Audio By Carbonatix
A coalition of music publishers has filed a second copyright infringement lawsuit against AI company Anthropic, and it’s a big one.
The companies, including Universal Music Publishing Group, Concord Music Group, and ABKCO Music, are seeking more than $3 billion in potential statutory damages over alleged infringement of more than 20,000 songs.
The complaint, filed today (January 28) in the Northern District of California, represents a dramatic escalation from the publishers’ first lawsuit against Anthropic, which was filed in October 2023 and covered around 500 works with potential damages of around $75 million.
In a statement provided to MBW, the plaintiffs said: “We have been compelled to file this second lawsuit against Anthropic because of its persistent and brazen infringement of our songwriters’ copyrighted compositions taken from notorious pirate sites.”
They added: “The new case also addresses Anthropic’s ongoing violation of these rights by exploiting lyrics in the training of new AI models without authorization, as well as in the outputs generated.
“In total, we are suing for infringement of more than 20,000 songs, with potential statutory damages of more than $3 billion. We believe this will be one of the largest (if not the single-largest) non-class action copyright cases filed in the U.S.”
The new complaint, obtained by MBW, makes two central allegations:
- That Anthropic’s founders illegally downloaded millions of pirated books via BitTorrent, including songbooks containing the publishers’ copyrighted musical compositions;
- And that Anthropic continues to infringe their works by training newer Claude AI models without authorization.
According to the complaint, the publishers only discovered the alleged torrenting activities in July 2025, when Judge William Alsup issued a ruling in a separate copyright case (Bartz v. Anthropic) that publicly revealed the company’s use of pirate library websites.
You can read the new filing in full here.
The filing claims that in June 2021, Benjamin Mann “personally used BitTorrent to download via torrenting from LibGen approximately five million copies of pirated books” for Anthropic’s use, and that Dario Amodei “personally discussed and authorized this illegal torrenting.”
The complaint alleges that Amodei himself had described LibGen as “sketchy,” and that Anthropic’s own Archive Team had deemed LibGen to constitute a “blatant violation of copyright” – yet the company proceeded with the torrenting regardless.
The publishers previously attempted to add these piracy claims to their original lawsuit, but Judge Eumi Lee denied that motion in October 2025. At the time, Anthropic argued that the proposed amendment was an improper attempt to “fundamentally transform this case at the eleventh hour.”

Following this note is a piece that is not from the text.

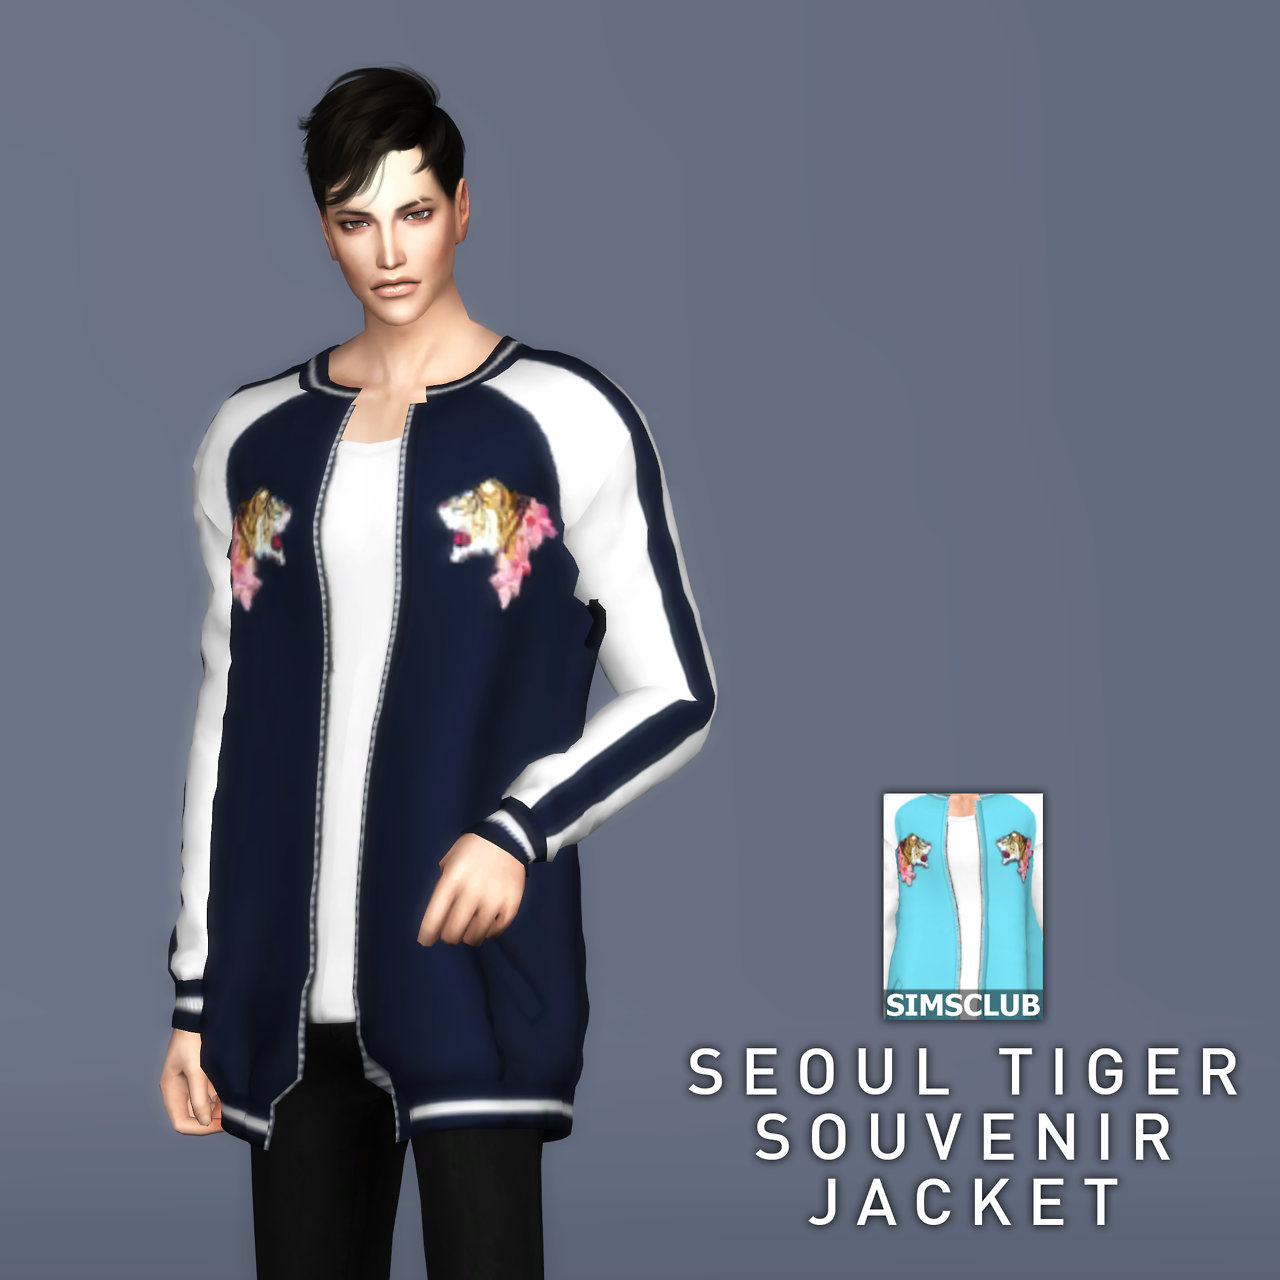 Sims 4 Ccs The Best Male Clothing By Simsclub

As a result, the publishers have now filed this separate action to pursue the torrenting claims.
The new lawsuit arrives just months after Judge Eumi Lee denied Anthropic’s motion to dismiss the publishers’ original case in October 2025.
In that ruling, the judge found that the publishers had adequately argued Anthropic had “actual knowledge of specific acts of infringement by Claude users with respect to Publishers’ lyrics.”
Anthropic has already agreed to pay $1.5 billion to a group of authors in a separate settlement over the use of pirated books to train its AI models.
Songs cited in the new complaint include Wild Horses, Sweet Caroline, Bennie and the Jets, Eye of the Tiger, Viva La Vida, and Radioactive.
This new lawsuit covers 714 works related to the alleged torrenting and 20,517 works related to ongoing AI training – a significant expansion from the 499 works at issue in the original case.
Anthropic’s valuation has also surged dramatically since the first lawsuit was filed. In October 2023, the company was valued at approximately $5 billion. According to today’s complaint, Anthropic is now valued at approximately $350 billion – a 70-fold increase.
Anthropic has not yet publicly responded to the allegations.
The lawsuit notes that UMPG has entered licensing agreements with AI companies including Udio and KLAY, but argues that AI development must proceed “in a manner that protects the rights of Publishers and songwriters.”